Personal information
- Born: 24 November 1982 (age 43) Delhi, India
- Nickname: Mishi
- Batting: Right-handed
- Bowling: Right-arm leg break
- Role: Bowler

International information
- National side: India (2003–2017);
- Test debut (cap 259): 17 October 2008 v Australia
- Last Test: 20 December 2016 v England
- ODI debut (cap 151): 13 April 2003 v South Africa
- Last ODI: 29 October 2016 v New Zealand
- ODI shirt no.: 99
- T20I debut (cap 33): 13 June 2010 v Zimbabwe
- Last T20I: 1 February 2017 v England
- T20I shirt no.: 99

Domestic team information
- 2000/01–2023/24: Haryana
- 2008–2010: Delhi Daredevils (squad no. 99)
- 2008/09: Central Districts
- 2011–2012: Deccan Chargers (squad no. 99)
- 2013–2014: Sunrisers Hyderabad (squad no. 99)
- 2015–2021: Delhi Capitals
- 2023–2024: Lucknow Super Giants

Career statistics
| Competition | Test | ODI | T20I | FC |
| Matches | 22 | 36 | 10 | 152 |
| Runs scored | 648 | 2 | 0 | 4,176 |
| Batting average | 21.60 | 4.80 | 0.00 | 21.75 |
| 100s/50s | 0/4 | 0/0 | 0/0 | 1/17 |
| Top score | 84 | 2 | 0 | 202* |
| Balls bowled | 5,103 | 1,648 | 228 | 30,843 |
| Wickets | 76 | 64 | 16 | 535 |
| Bowling average | 35.72 | 23.60 | 15.00 | 29.17 |
| 5 wickets in innings | 1 | 2 | 0 | 21 |
| 10 wickets in match | 0 | 0 | 0 | 1 |
| Best bowling | 5/71 | 6/48 | 3/24 | 6/66 |
| Catches/stumpings | 8/– | 2/– | 1/– | 77/– |

Medal record
Men's Cricket
Representing India
ICC Champions Trophy
| Winner | 2013 England and Wales |  |
ICC T20 World Cup
| Runner-up | 2014 Bangladesh |  |
- Source: ESPNcricinfo, 4 October 2024

= Amit Mishra =

Indian cricketer (born 1982)

Amit Mishra (born 24 November 1982) is a former Indian cricketer.

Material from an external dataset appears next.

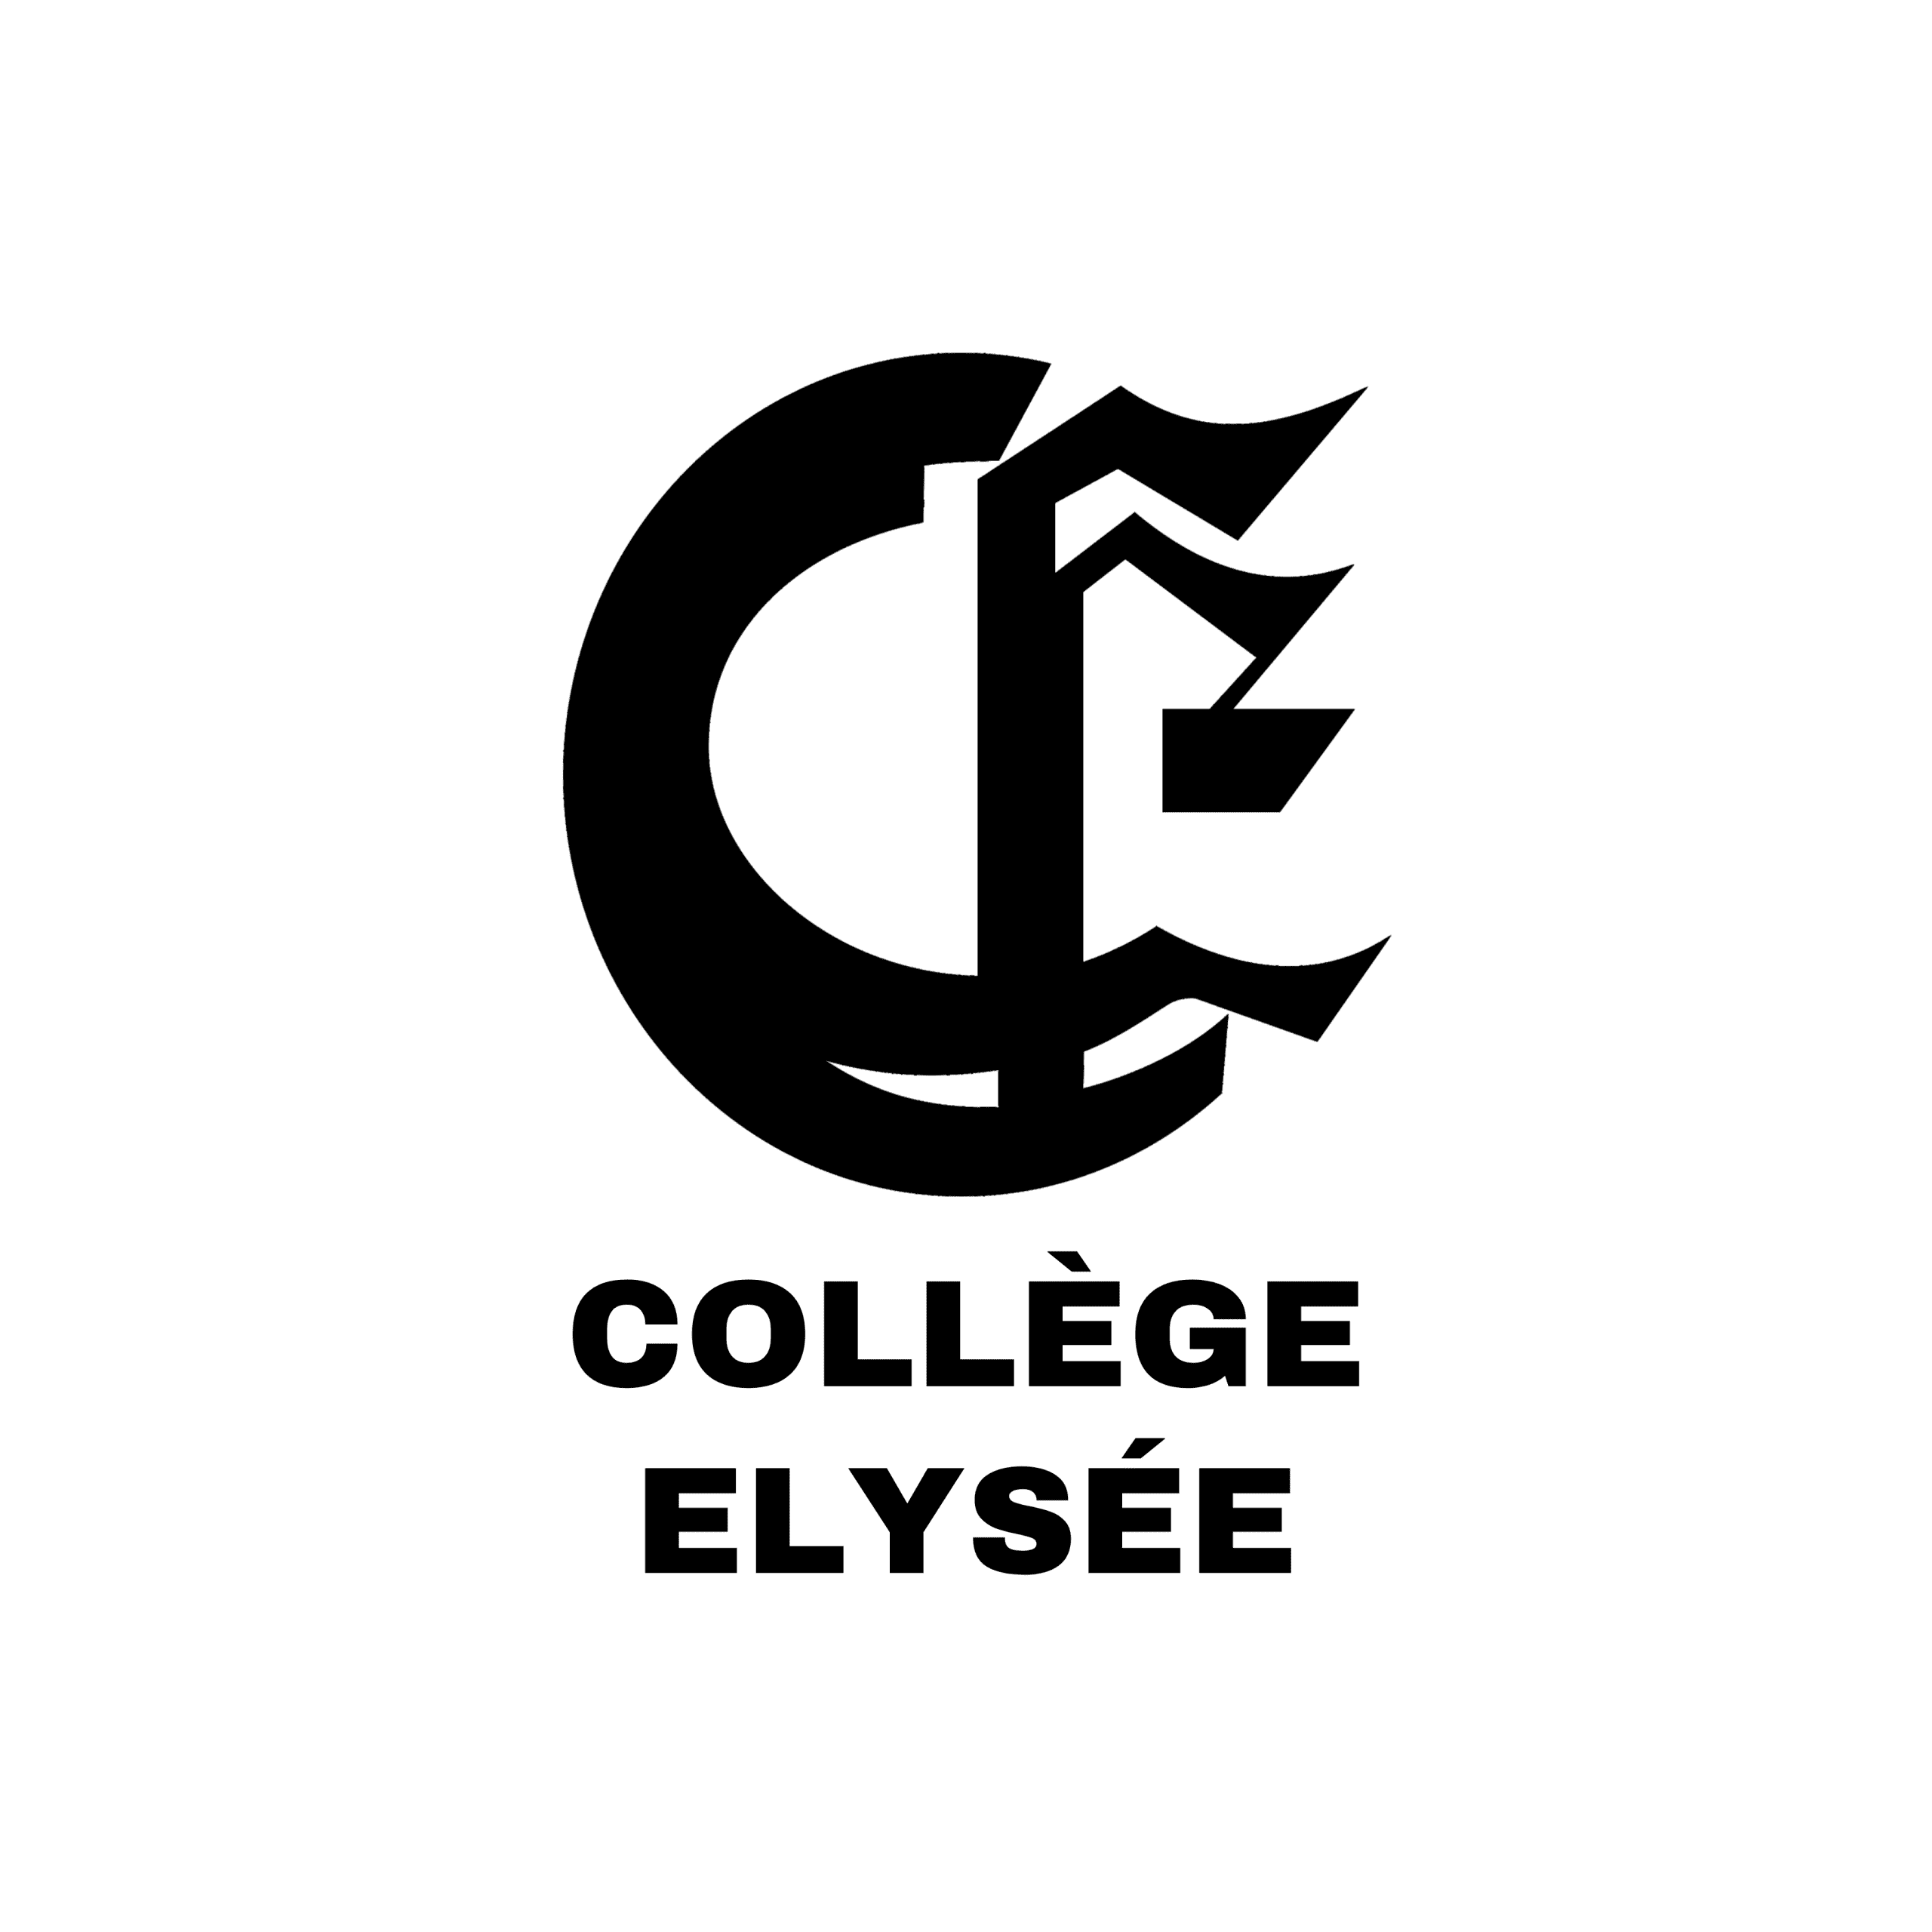 Collège Elysée

He is a right-arm leg-break bowler and right-handed tail-ender batsman. He plays for Haryana in the domestic Ranji Trophy and for the T20 franchise Lucknow Super Giants in the Indian Premier League. He has represented India in Test, ODIs and T20s. Mishra was a member of the Indian team that won the 2013 ICC Champions Trophy.

==International career==
===Test career===
Mishra was initially called into the Indian squad for a Test against the West Indies in 2002, but was not selected. Mishra made his Test cricket debut against Australia in the Second Test at Mohali (PCA stadium) after captain and first-choice leg spinner Anil Kumble was injured. He took 5 wickets for 71 runs in Australia's first innings and then 2/35 in the second, making him the leading wicket-taker in the match as India proceeded to a decisive victory. Despite this, Indian coach Gary Kirsten said that Mishra would be dropped if Kumble recovered for the Third Test. However, Harbhajan Singh was injured so Mishra retained his place when Kumble came in. Kumble was then injured during the Test and retired, leaving Mishra as India's first-choice Test leg spinner.

Mishra was selected for the early-2009 Test tour of New Zealand, but India opted to field only one spinner, and he watched as Harbhajan performed the spin duties alone. India's next Test was not until November 2009. Mishra took only one wicket in the high-scoring drawn First Test and was dropped for the Second Test in favour of left arm orthodox spinner Pragyan Ojha, who retained his position for the Third Test as the second spinner.

Mishra was recalled for the tour of Bangladesh and played in the First Test in Chittagong as the only spinner after Harbhajan suffered an injury. He made 50 in the second innings as a night-watchman and took seven wickets. However, he was once again dropped in the next Test for Ojha.

Later in the India's tour of England in 2011 he got his highest score ever in the last test match of 84. Mishra was included in the squad for India's 2016 tour of West Indies. He played two tests and picked up six wickets.

==Limited over career==
Mishra made his One Day International (ODI) debut against South Africa during the TVS Cup in 2003. Mishra played in the 2009 ICC Champions Trophy in South Africa.

At the start of the Bangladesh tour, Mishra played in two ODIs against Sri Lanka and Bangladesh in a triangular tournament after Harbhajan was rested for the final two round-robin matches. He has been recalled for one day series against Zimbabwe July 2013. He won man of the match award for his 4/47 bowling against Zimbabwe in 3rd ODI played on 28 July 2013.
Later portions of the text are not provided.